# Ugly pictures challenge



## martaexv (May 22, 2015)

Hi all!

I'm a student in computer vision and I am pursuing my master dissertation in "image's aesthetics". Concretely, I am trying to  understand the "beauty" in images but looking for clues in its opposite side, the "ugliness". Thus, I am interested in knowing what parameters/details do not please observers in a photo.

I am aware that there is lot of subjective part on this topic... cultural backgrounds, education, styles... still I am trying to see if there is any pattern common in the human being (due to our genetic or instinct of survival). Thus, to do it easier, I am considering images without human-made objects (i.e. cars, buildings, people...) or animals. For example, mountains, grass, sea landscapes... would work.

I thought that you, as experienced photographers, would have lots of interesting and helpful information and ideas  What would you consider in order to take a photo the ugliest possible? If you have any example of ugly picture that you want to share, it would be really welcomed too.

Thank you


----------



## crls_santino (May 22, 2015)

here you go







Sent from my iPhone using Tapatalk


----------



## snowbear (May 22, 2015)

I'll play:
severe camera blur, no clear subject, poor composition, bad white balance, and over saturated color.


----------



## sashbar (May 22, 2015)

I can post a reeealy ugly, revolting picture, but real ugliness is assosciated almost exclusively with humans and thier products. I can not possibly imagine anything natural such as mountains, grass or landscapes that could be described as ugly.  Technically poor images are just what it is technicaly poor, there is nothing particularly ugly about it however much blur or grain you add.


----------



## gsgary (May 22, 2015)

Ugly enough ?


----------



## limr (May 22, 2015)

Two out of the three posters did not read carefully:



martaexv said:


> I am considering images *without human-made objects* (i.e. cars, buildings, people...) *or animals*. For example, mountains, grass, sea landscapes... would work.
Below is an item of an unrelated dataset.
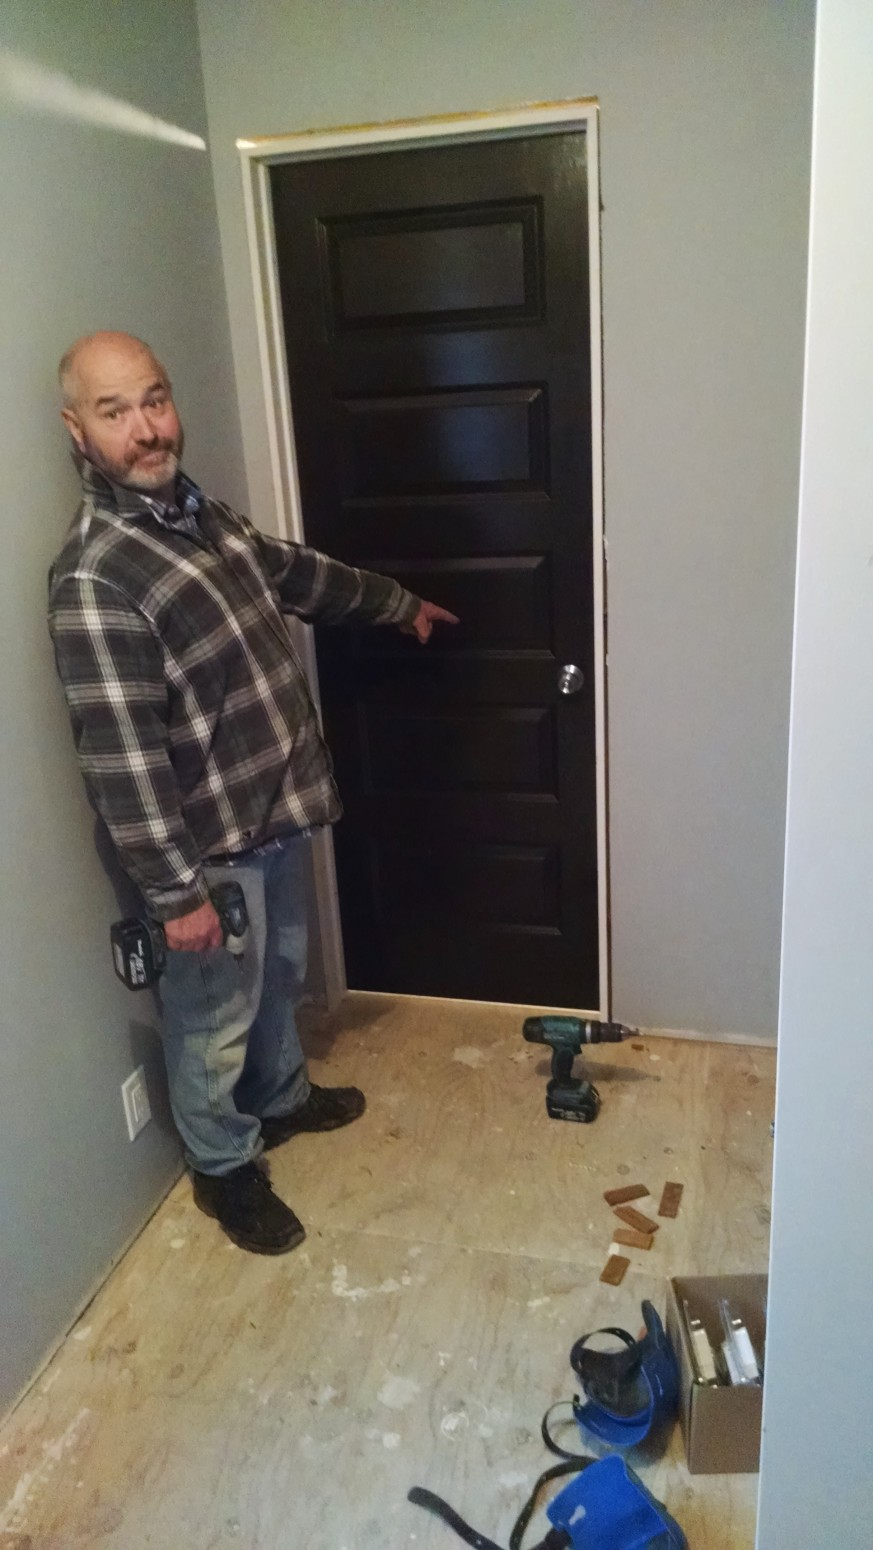 Look - a Door LOL

The question I would have for the OP is: are you looking for pictures of ugly subjects or ugly pictures of nice subjects? What does the adjective "ugly" attach to? Are you looking for what subjects people consider ugly, or are you concerned with how a picture of something nice can still be taken in an ugly way (as in technically poor, overprocessed, poorly composed...)?


----------



## waday (May 22, 2015)

limr said:


> The question I would have for the OP is: are you looking for pictures of ugly subjects or ugly pictures of nice subjects?


This exactly. The OP is not clear enough.


----------



## snowbear (May 22, 2015)

limr said:


> Two out of the three posters did not read carefully:
> 
> 
> 
> ...


I say ugliness, just as beauty, is in the eye of the beholder.  In my example, I see it as "ugly" because of the technical and artistic flaws, though some were introduced into the original just for this thread.

Hmmm . . . the shadow, that big ugly blue patch, was made by a truck blocking out the sun.  Does that still count?


----------



## limr (May 22, 2015)

snowbear said:


> I say ugliness, just as beauty, is in the eye of the beholder.  In my example, I see it as "ugly" because of the technical and artistic flaws, though some were introduced into the original just for this thread.
> 
> Hmmm . . . the shadow, that big ugly blue patch, was made by a truck blocking out the sun.  Does that still count?



Absolutely, ugly is in the eye of the beholder. But someone could take a pictures of something ugly and still make a beautiful picture. The OP is trying to be systematic about his study (which is commendable) and so I just wondered what "ugly" is he/she studying: ugly _subjects _or ugly _pictures? _Is the study about how a picture can still be ugly even if it is a nice subject? I _think_ that's what's being asked for, but I just wanted to clarify.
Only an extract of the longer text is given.